**Problem to work on**.
Your task is to copy the lines from the line containing "Italien, Rom. Skulptur" through the end of the listing below, both included, without any pictures.

**Data provided**.

== Segment start ==

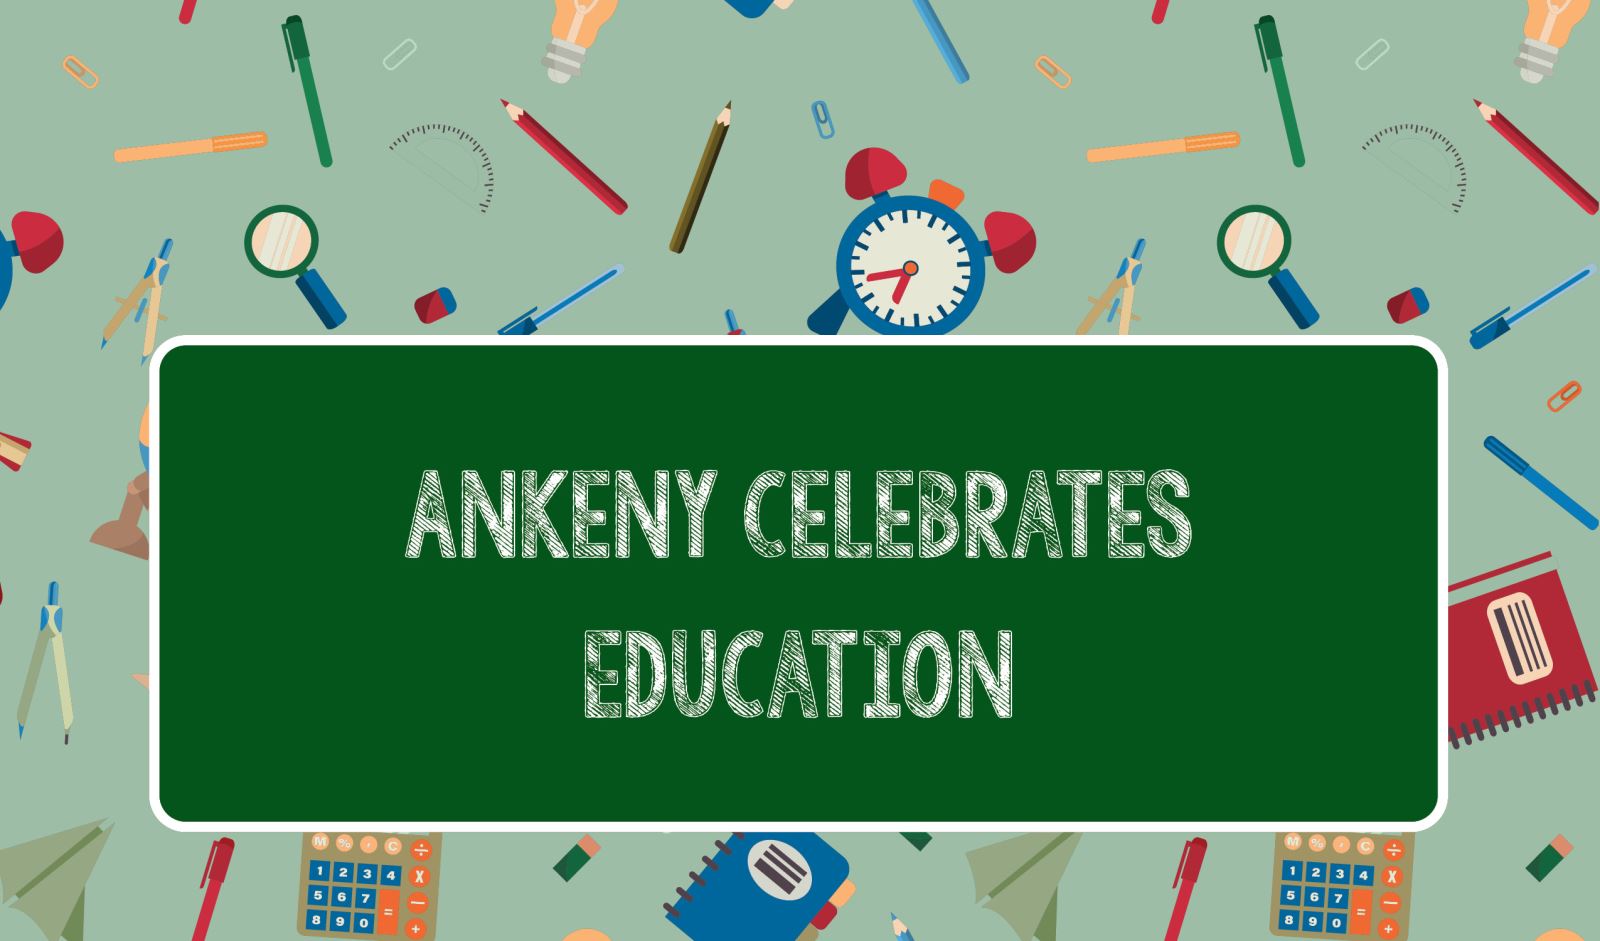 Ankeny Celebrates Education - Ankeny Celebrates Education - Northwest Bank
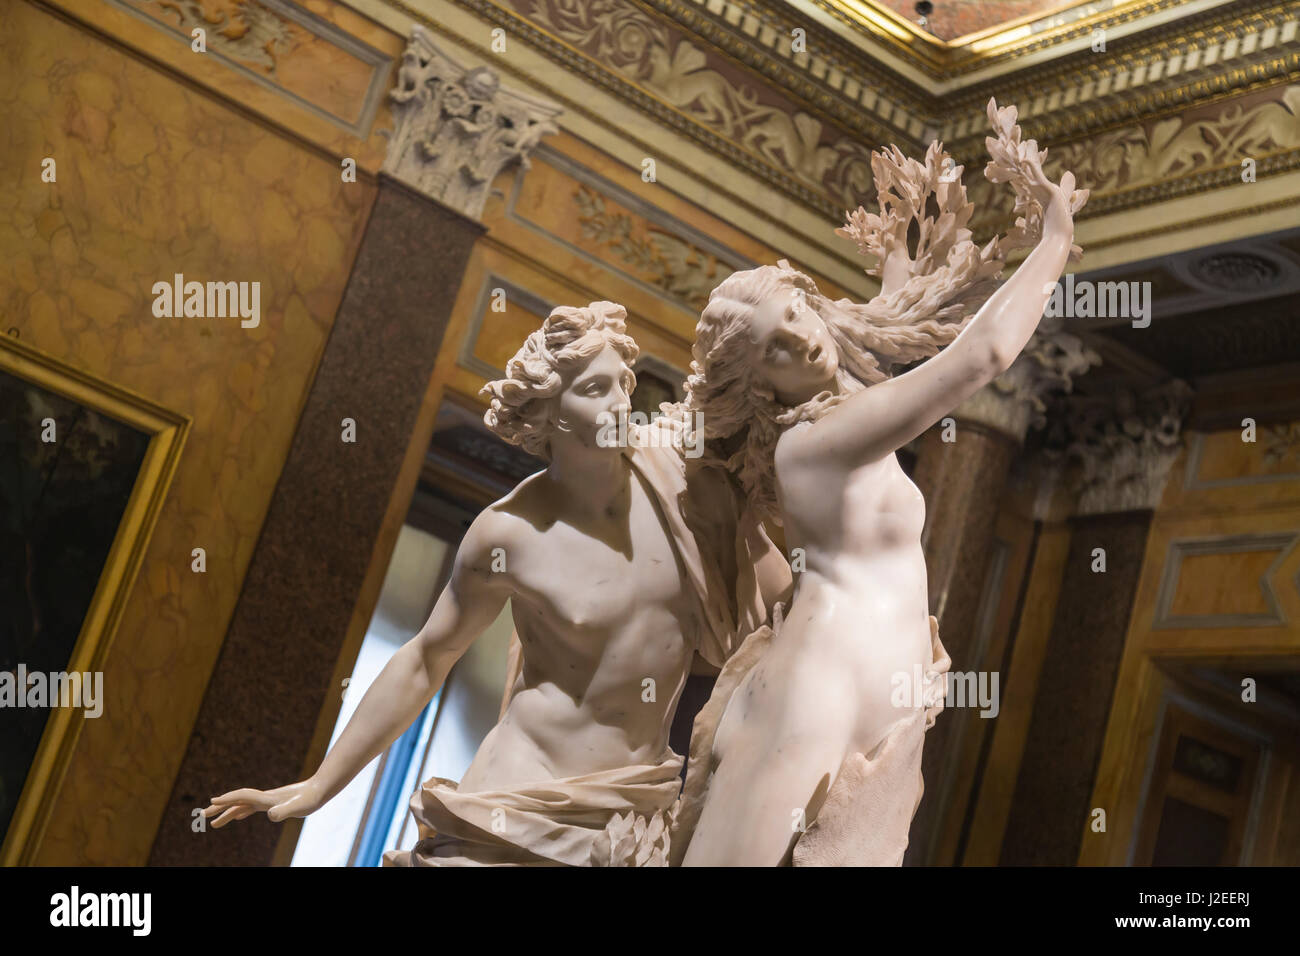 Italien, Rom. Skulptur von Apollo und Daphne, Darstellung den Höhepunkt ihrer Geschichte in Ovids Metamorphosen. Die Skulptur wurde von Gian Lorenzo Bernini in der Galleria Borghese erstellt. (Nur zur redaktionellen Verwendung) Stockfoto
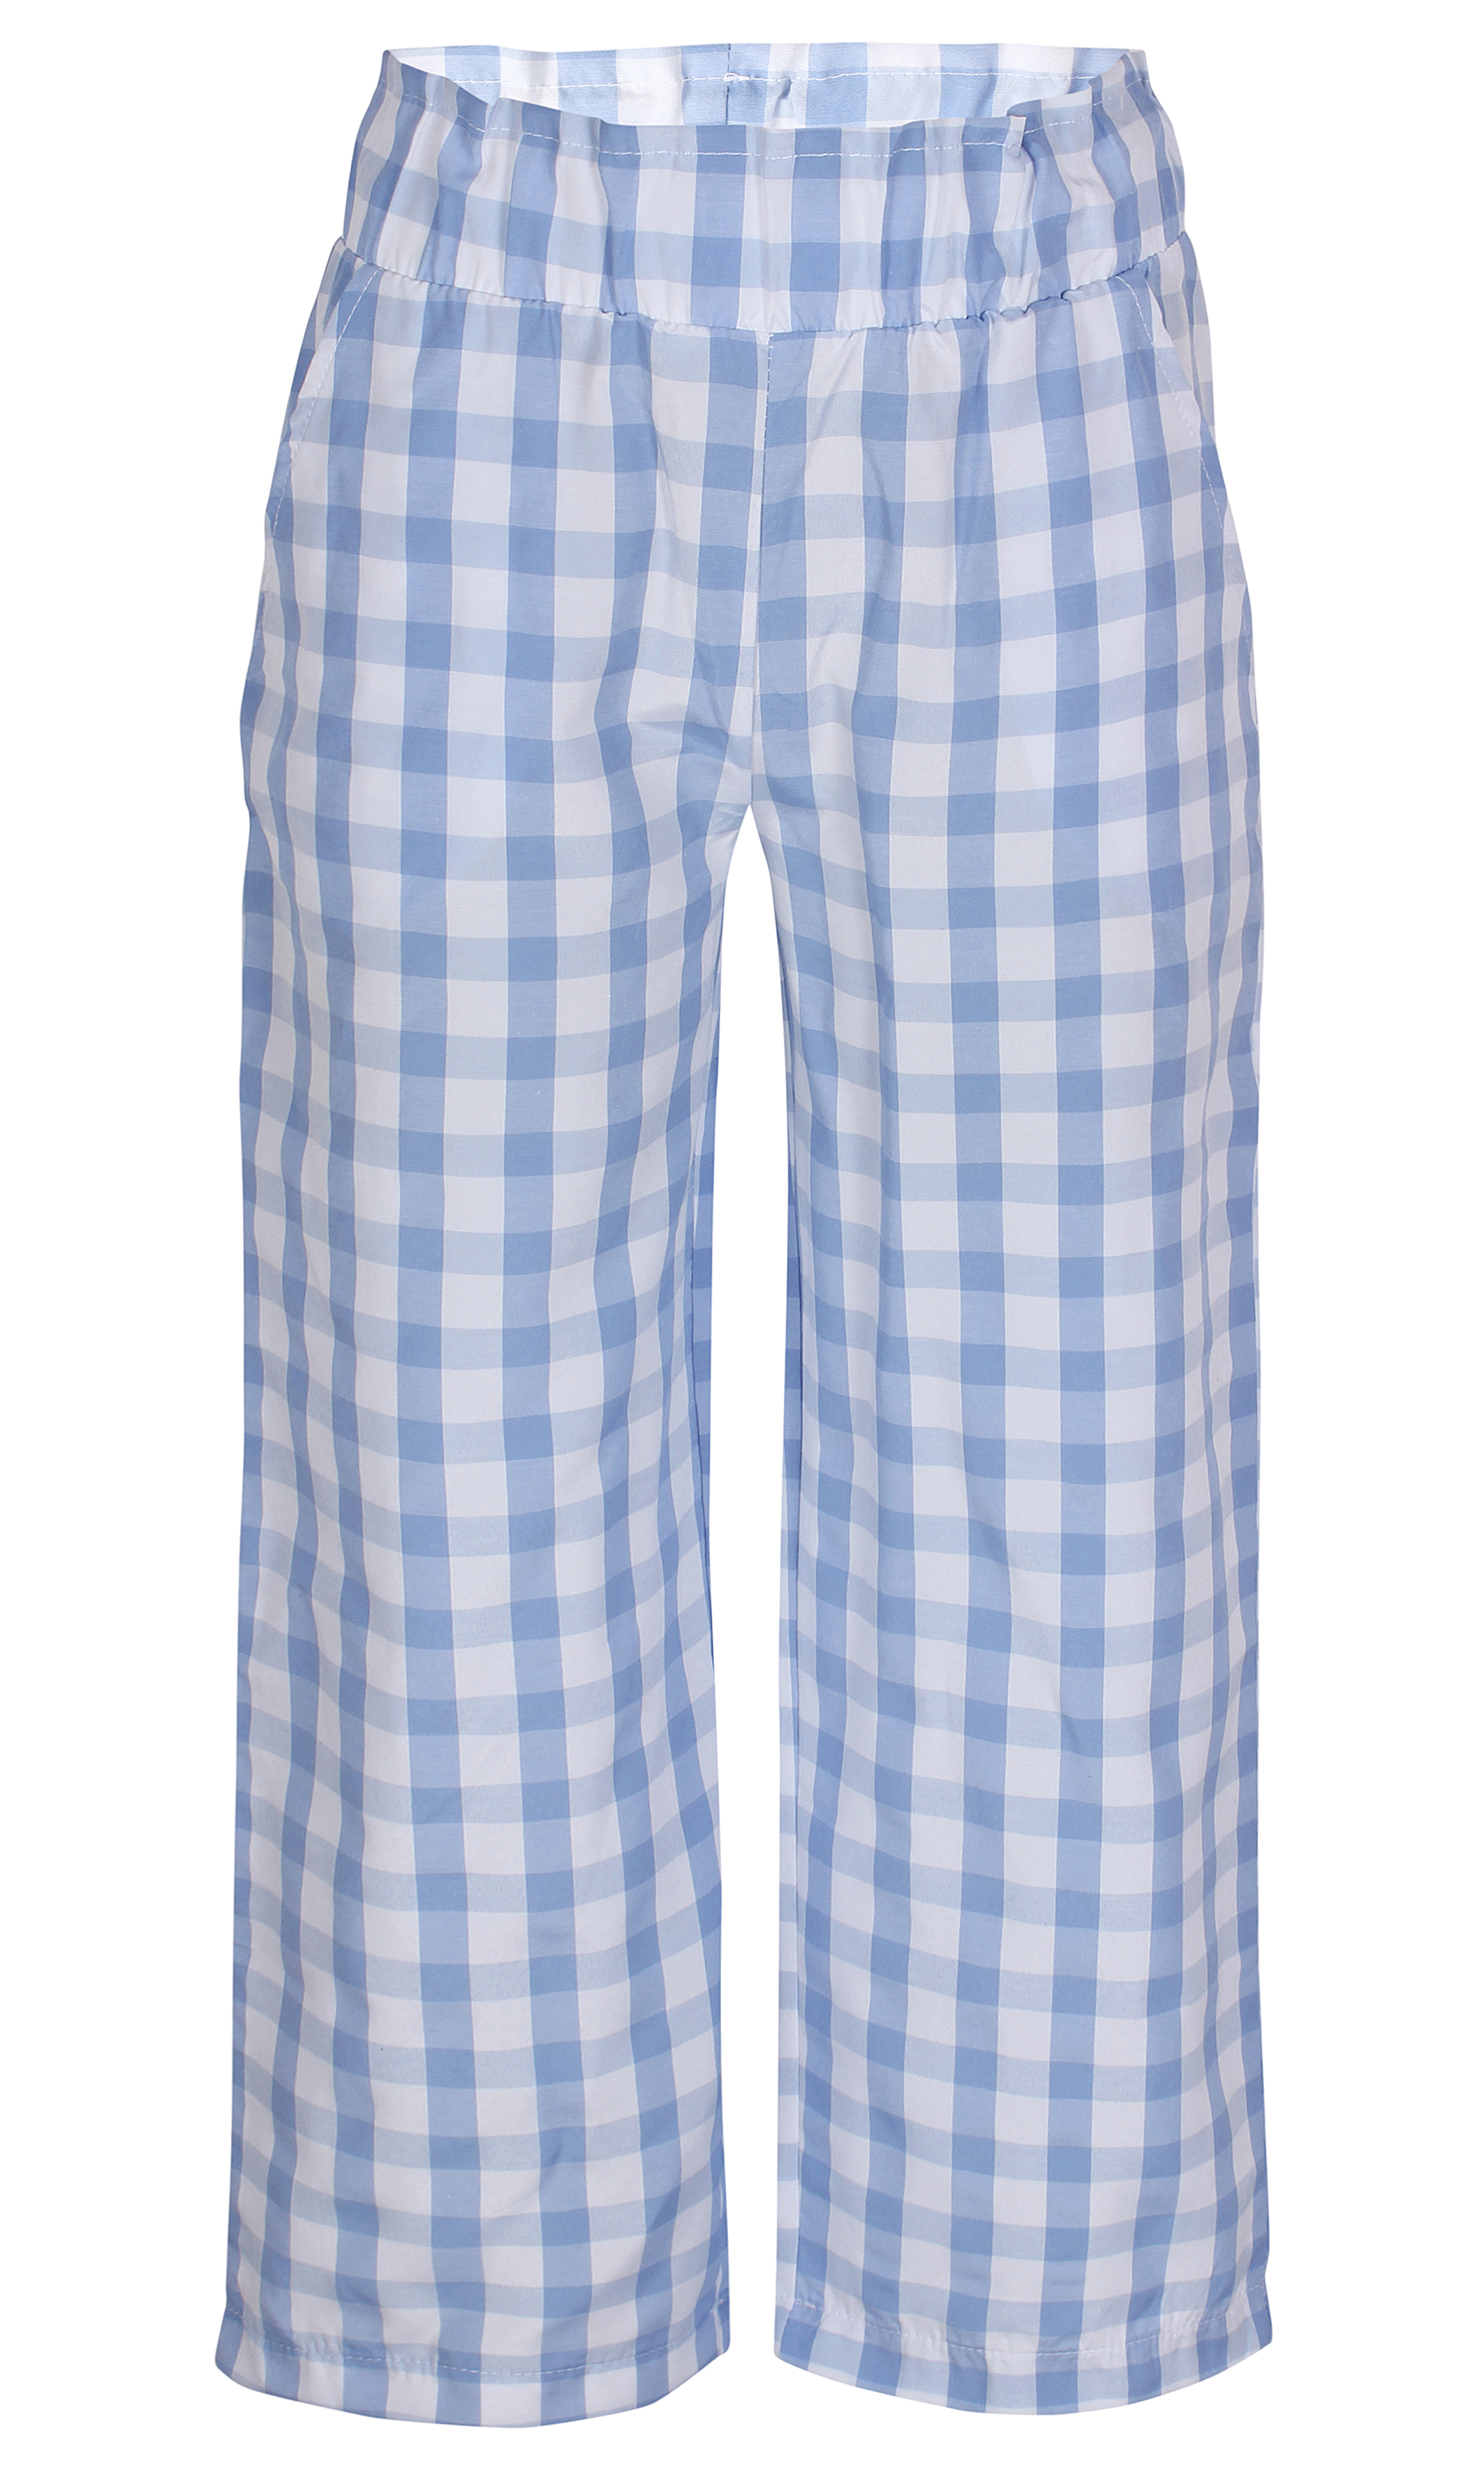 Kids Up - Søde bukser - lyseblå-hvid ternet Pammi - Underdele - IsaDisaKids

== Segment end ==

**Answer to this task**.
 Italien, Rom. Skulptur von Apollo und Daphne, Darstellung den Höhepunkt ihrer Geschichte in Ovids Metamorphosen. Die Skulptur wurde von Gian Lorenzo Bernini in der Galleria Borghese erstellt. (Nur zur redaktionellen Verwendung) Stockfoto
 Kids Up - Søde bukser - lyseblå-hvid ternet Pammi - Underdele - IsaDisaKids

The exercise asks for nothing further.